To apply a polymeric film to a screen of a display device, a window, or a vehicular windshield, heat and/or photo curable adhesives are not always practical. In these applications adhesives (such as pressure sensitive adhesives, for example) are traditionally used to bond the substrates and form the laminate. Pressure sensitive adhesives do not always require a separate curing step like heat or photo curable adhesives, and may be more easily removed and/or repositioned on the substrate.
However, when the substrate and the pressure sensitive adhesive layer are adhered, it is difficult to ensure a firm and reliable bond in the laminate structure. Repositioning the polymeric film often damages the substrate and/or film. In addition, air is typically trapped at the interfaces between the adhesive and the substrate, and the resulting bubbles cause haze and compromise the optical properties of the laminate. It is inconvenient, messy, and sometimes impractical to wet a substrate with water or a plasticizer to control adhesion and allow trapped air to dissolve into the adhesive layer at the interface with the substrate. In addition, current optical film adhesive will adhere to itself and damage the optical qualities of the film when the two adhesive surfaces are pulled apart.
Structuring pressure sensitive adhesives has been described to allow air and/or fluid to escape while the film is being laminated onto a surface. These channels can be sufficiently large to allow egress of fluids to the periphery of the adhesive layer for exhaustion into the surrounding atmosphere. While these microstructured adhesives can be temporarily repositionable, the channels will close as the adhesive is laminated rendering the film when removed unusable.
Generally, the present invention relates to an optical film that includes a optical substrate and an adhesive disposed on the optical film. This invention also relates to a method of using the optical film to form optical laminates.
In one illustrative embodiment, an optical film includes an optical substrate and an adhesive disposed on the optical substrate. The adhesive has a first surface disposed on the optical substrate. The adhesive includes siloxane moieties at a siloxane-rich second surface of the adhesive. The adhesive increases adhesion when placed in contact with a second substrate over time. In some embodiments, the adhesive includes pendant monovalent siloxane moieties. In other embodiments, the adhesive includes silicone elastomer having polar moieties.
In another embodiment, a method of forming optical film laminates is disclosed. The method includes the steps of providing an optical film including an optical substrate and an adhesive having a first surface disposed on the optical substrate. The adhesive includes siloxane moieties at a siloxane-rich second surface of the adhesive. The siloxane-rich second surface can be laminated onto a second substrate to form a first composite laminate. The first composite laminate has an initial peel adhesion value. Then, the siloxane-rich second surface is allowed to remain in contact with the second substrate for a time interval. The first composite laminate has second peel adhesion value after the time interval. The second peel adhesion value is greater than the initial peel adhesion value.

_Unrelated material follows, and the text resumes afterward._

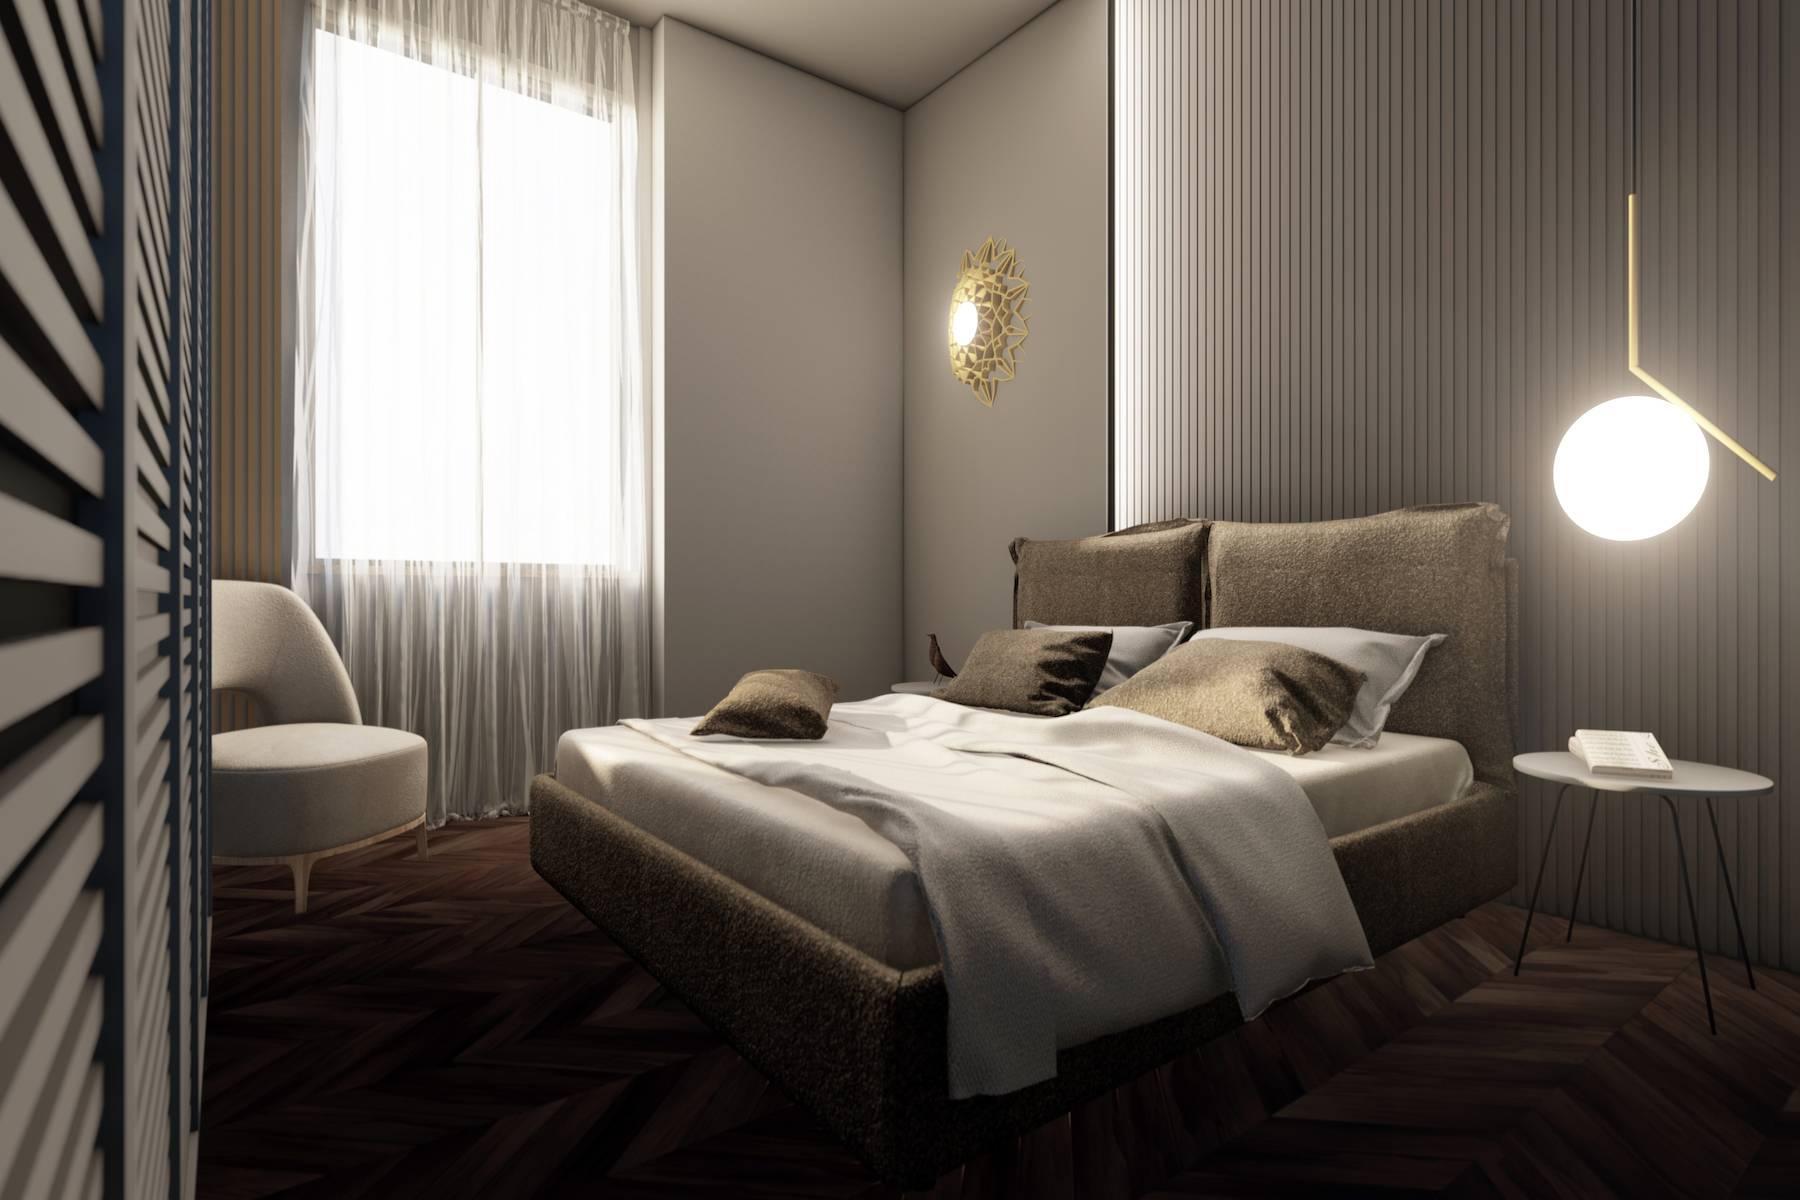 Luxus-Wohnungen am Meer in Viareggio - 9

The above summary of the present invention is not intended to describe each disclosed embodiment or every implementation of the present invention. The Figures, Detailed Description and Examples which follow more particularly exemplify these embodiments.
The invention may be more completely understood in consideration of the following detailed description of various embodiments of the invention in connection with the accompanying drawings, in which:
While the invention is amenable to various modifications and alternative forms, specifics thereof have been shown by way of example in the drawings and will be described in detail. It should be understood, however, that the intention is not to limit the invention to the particular embodiments described. On the contrary, the intention is to cover all modifications, equivalents, and alternatives falling within the spirit and scope of the invention. The Figure elements are not drawn to any particular scale and individual elements' sizes are presented for ease of illustration.

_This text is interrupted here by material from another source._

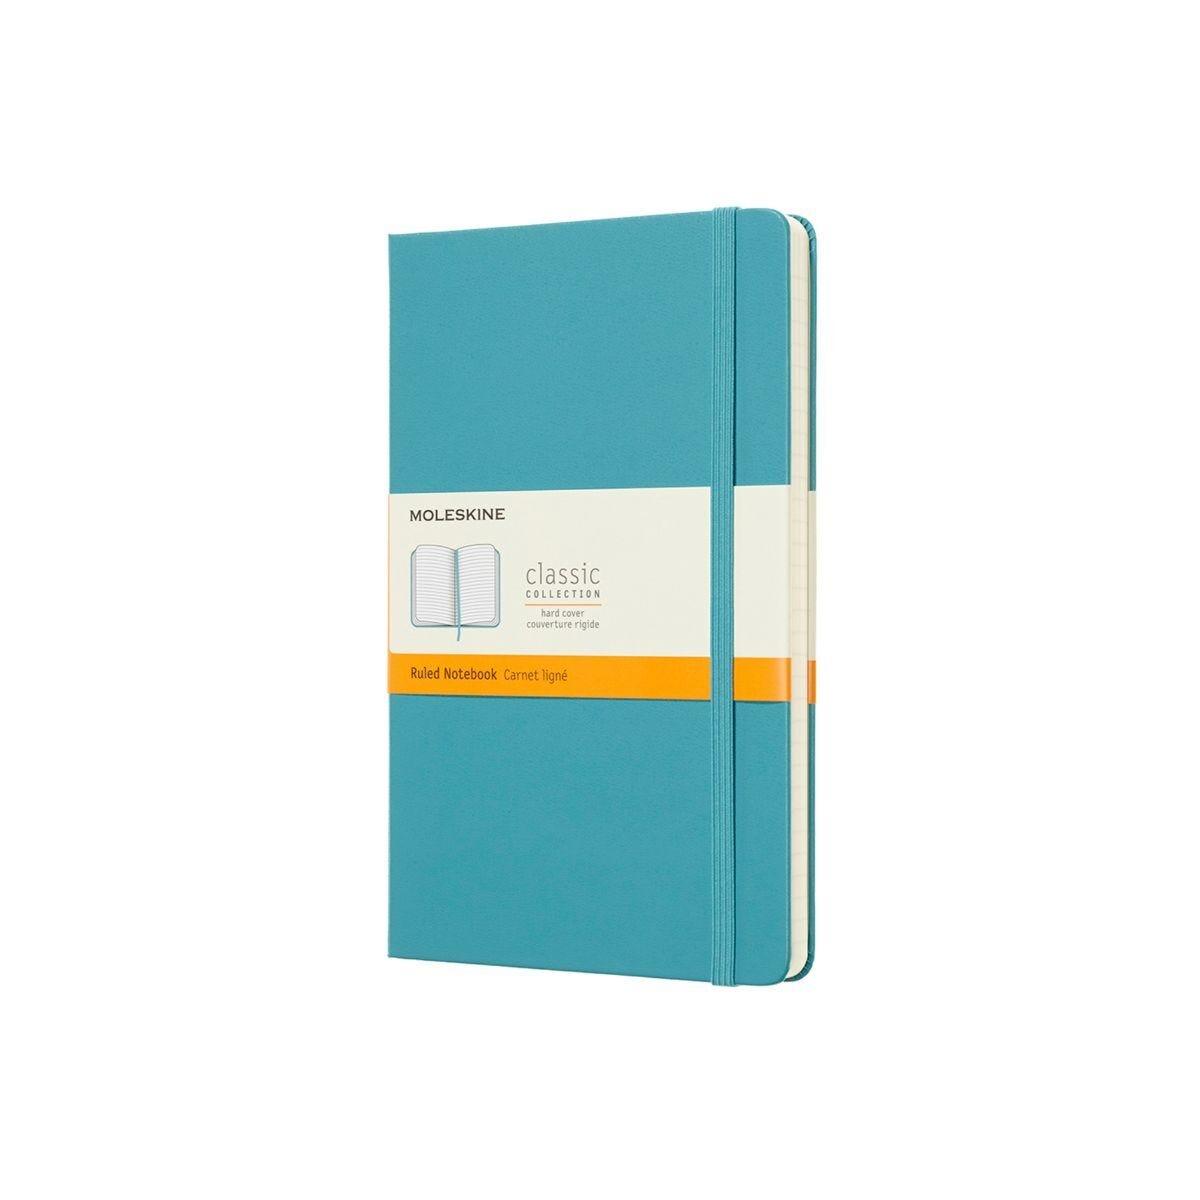 Moleskine Hard Cover Classic Notebook Large Ruled Light Blue

The present invention is believed to be applicable generally to an optical film that includes an optical substrate and an adhesive disposed on the optical substrate. The adhesive has a first surface disposed on the optical substrate. The adhesive includes siloxane moieties at a siloxane-rich second surface of the adhesive. The adhesive increases adhesion when placed in contact with a second substrate over time. In some embodiments, the adhesive includes pendant monovalent siloxane moieties. In other embodiments, the adhesive includes silicone elastomer having polar moieties.
This invention also relates to a method of forming optical film laminates. The method includes the steps of providing an optical film including an optical substrate and an adhesive having a first surface disposed on the optical substrate. The adhesive includes siloxane moieties at a siloxane-rich second surface of the adhesive. The siloxane-rich second surface can be laminated onto a second substrate to form a first composite laminate. The first composite laminate has an initial peel adhesion value. Then, the siloxane-rich second surface is allowed to remain in contact with the second substrate for a time interval. The first composite laminate has second peel adhesion value after the time interval. The second peel adhesion value is greater than the initial peel adhesion value.

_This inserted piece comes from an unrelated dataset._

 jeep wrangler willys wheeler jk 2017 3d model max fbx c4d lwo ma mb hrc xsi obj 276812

While the present invention is not so limited, an appreciation of various aspects of the invention will be gained through a discussion of the examples provided below.
For the following defined terms, these definitions shall be applied, unless a different definition is given in the claims or elsewhere in this specification.
The term “polymer” will be understood to include polymers, copolymers, oligomers and combinations thereof, as well as polymers, oligomers, or copolymers that can be formed in a miscible blend.
The term “optical film” or “optical substrate” refers to films or substrates that are used in optical applications. Optical applications include, for example, window films (solar control, shatter protection, decoration, and the like), optical display films (glare control, scratch protection, and the like). These films or substrates manage light passing through them.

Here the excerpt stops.